Proof 2 but it's the final one. The final one is just on nicer paper








This girl is my favorite out of all the fish in that one








And my last plate was given the theme "Fragments" by our teacher and we just had to interpret it. I chose to use a broken mirror as a reflection on all of my fish and also reflecting on the past three pieces. All of my boy's past and presents are in this piece including Rembrandt of course who shows up in the plate before this one as well. And then I have two of my girls in there as well, both past girls.

I don't have the finished version because it's in for grading but I'll take pictures as soon as I get them back! The color came out pretty cool on this one!

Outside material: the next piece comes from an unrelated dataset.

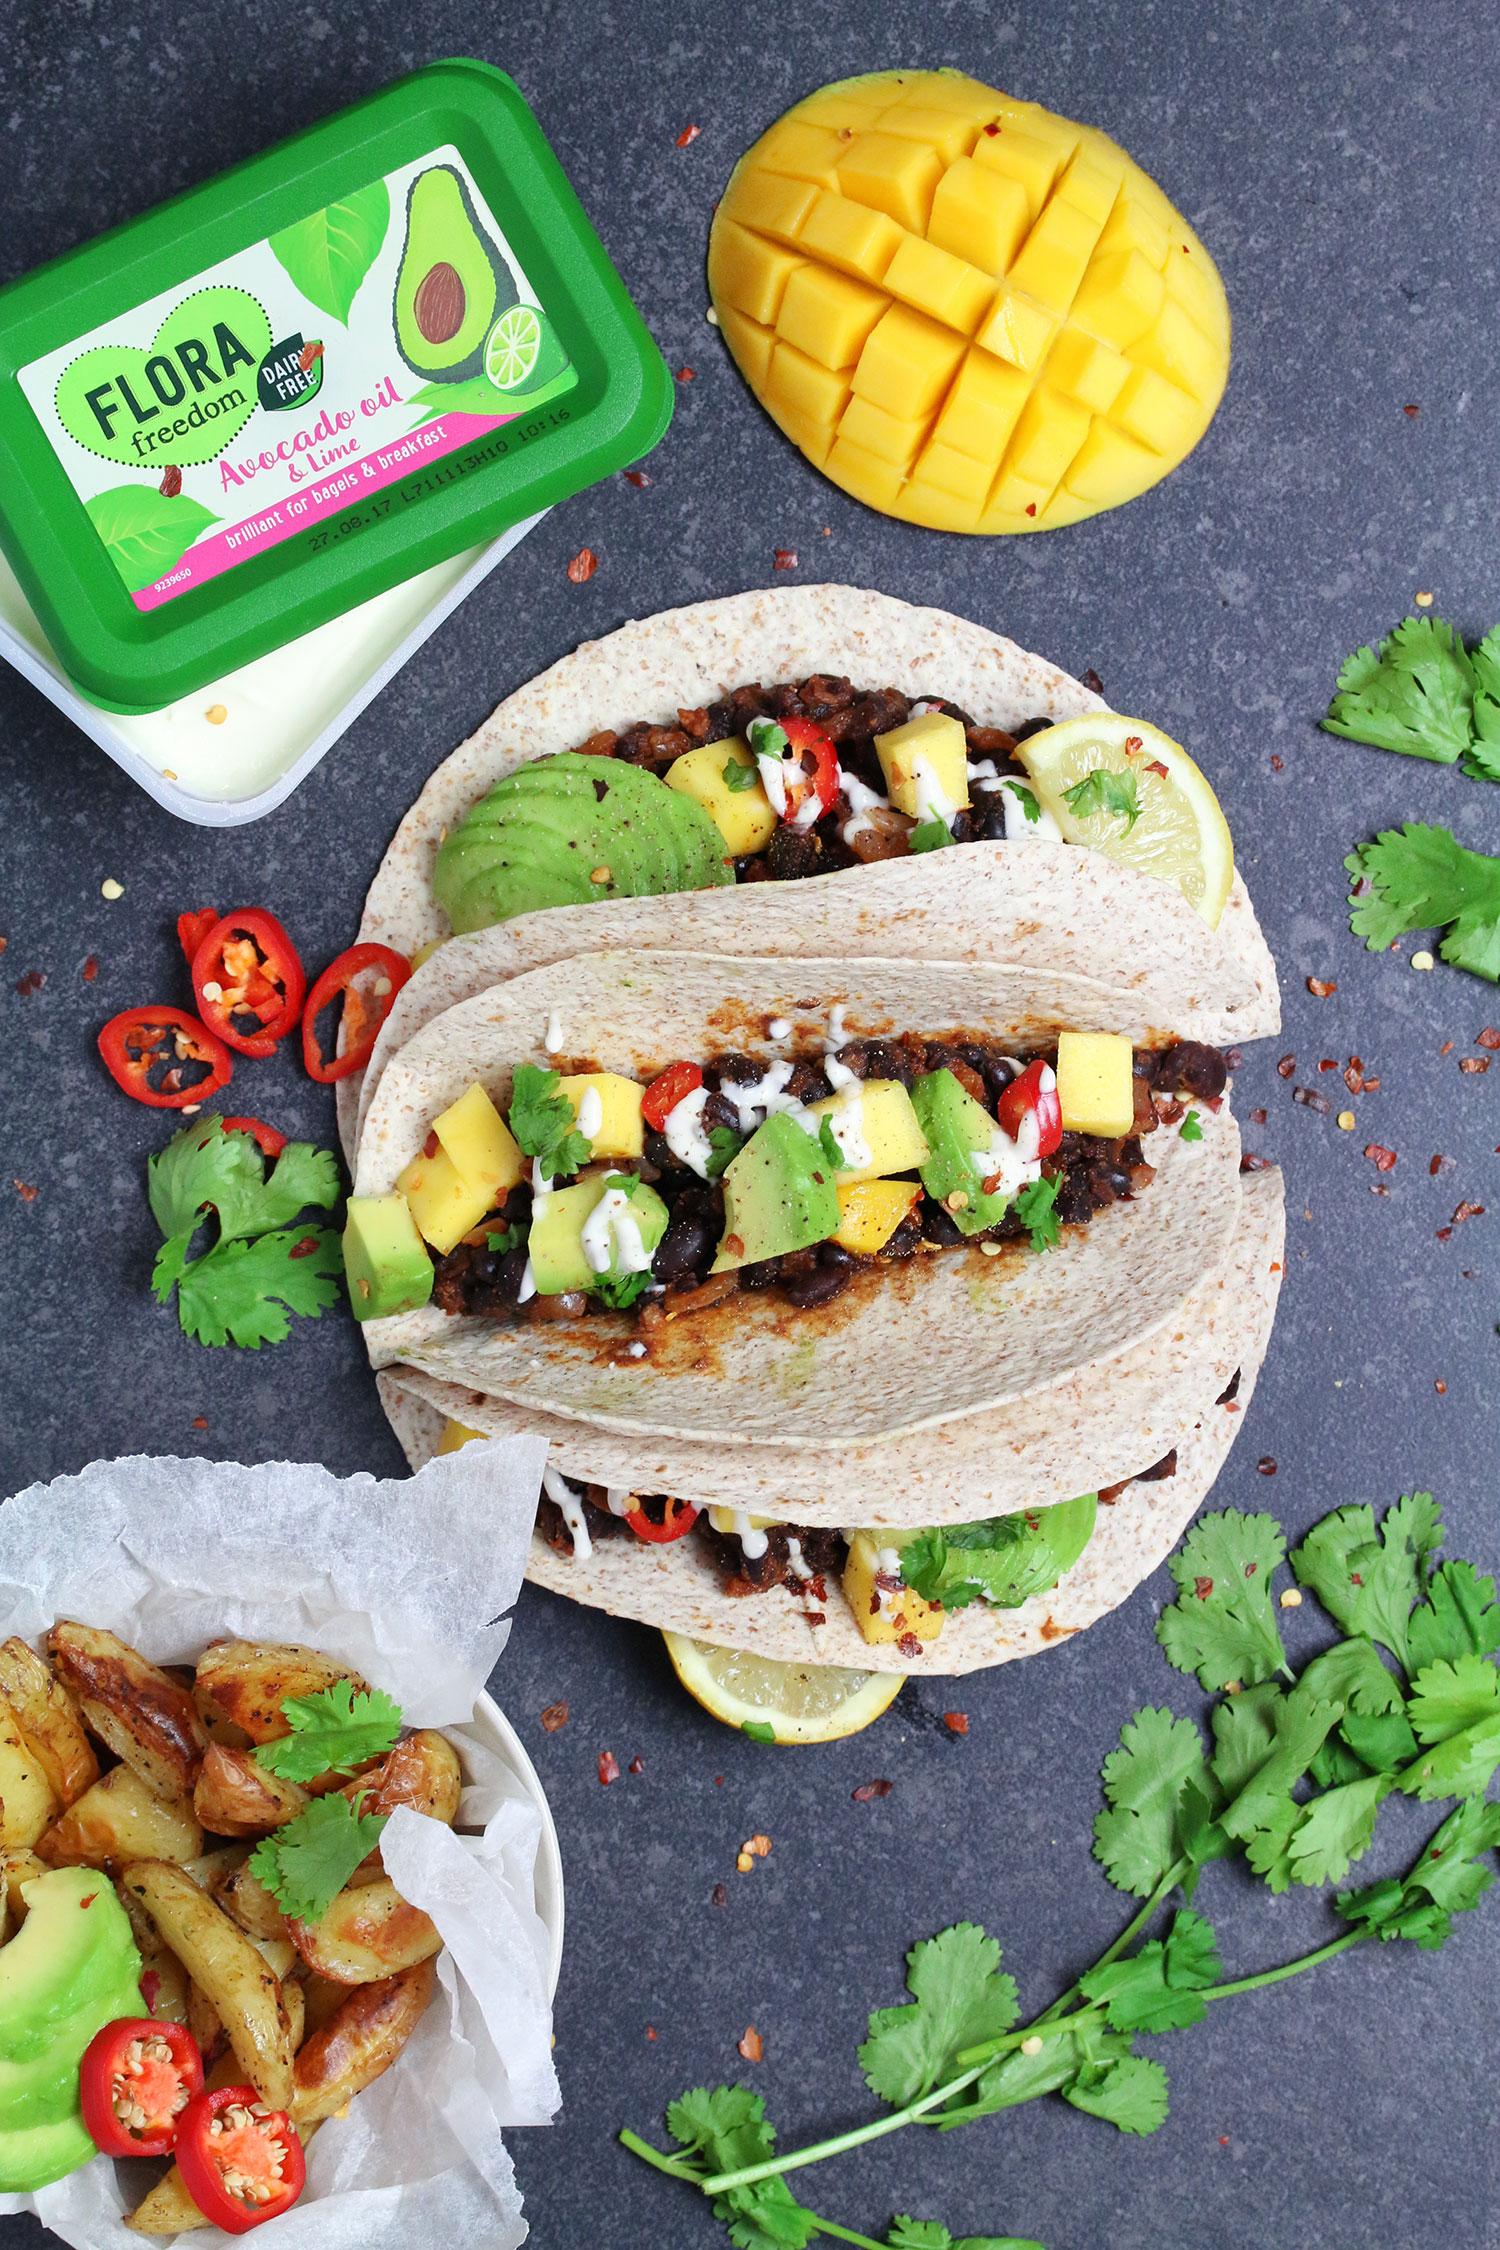 flora avocado and lime spread recipes

I'll update this thread when I get them.


----------



## JustinieBeanie (Apr 22, 2013)

Wow those are so cool! They turned out very nicely, I'm sure you'll get high marks on them.


----------



## lilnaugrim (Mar 27, 2013)

Thank you!!!! Yeah, I did really well in our final critique :-D oh darn, I forgot I was supposed to pick up my other final etchings today >.< I'll hopefully remember tomorrow so I can show you guys the colored ones of the last two plates since they came out pretty cool as well!


----------



## Destinystar (May 26, 2012)

Beautiful art work as always...love those !


----------



## lilnaugrim (Mar 27, 2013)

Thanks Perseusmom!! :-D


----------



## EvaJupiterSkies (Oct 25, 2013)

These are awesome. I'm jealous of your artistic talent!


----------



## lilnaugrim (Mar 27, 2013)

lol Thank you very much Eva! It was super fun to do these!!! I'm totally addicted to Printmaking now :-D


----------



## BettaLover1313 (Apr 15, 2013)

Awesome prints! 

I kind of wish we'd covered more in printmaking besides the one lesson in high school.


----------



## lilnaugrim (Mar 27, 2013)

Thank you!! Oh I have my color ones back now, I'll see if I can scan the little one since a photo isn't gonna work well and I'll have to take a pic of the big 12x9 one since my scanner doesn't go that big haha. Perhaps later today!


----------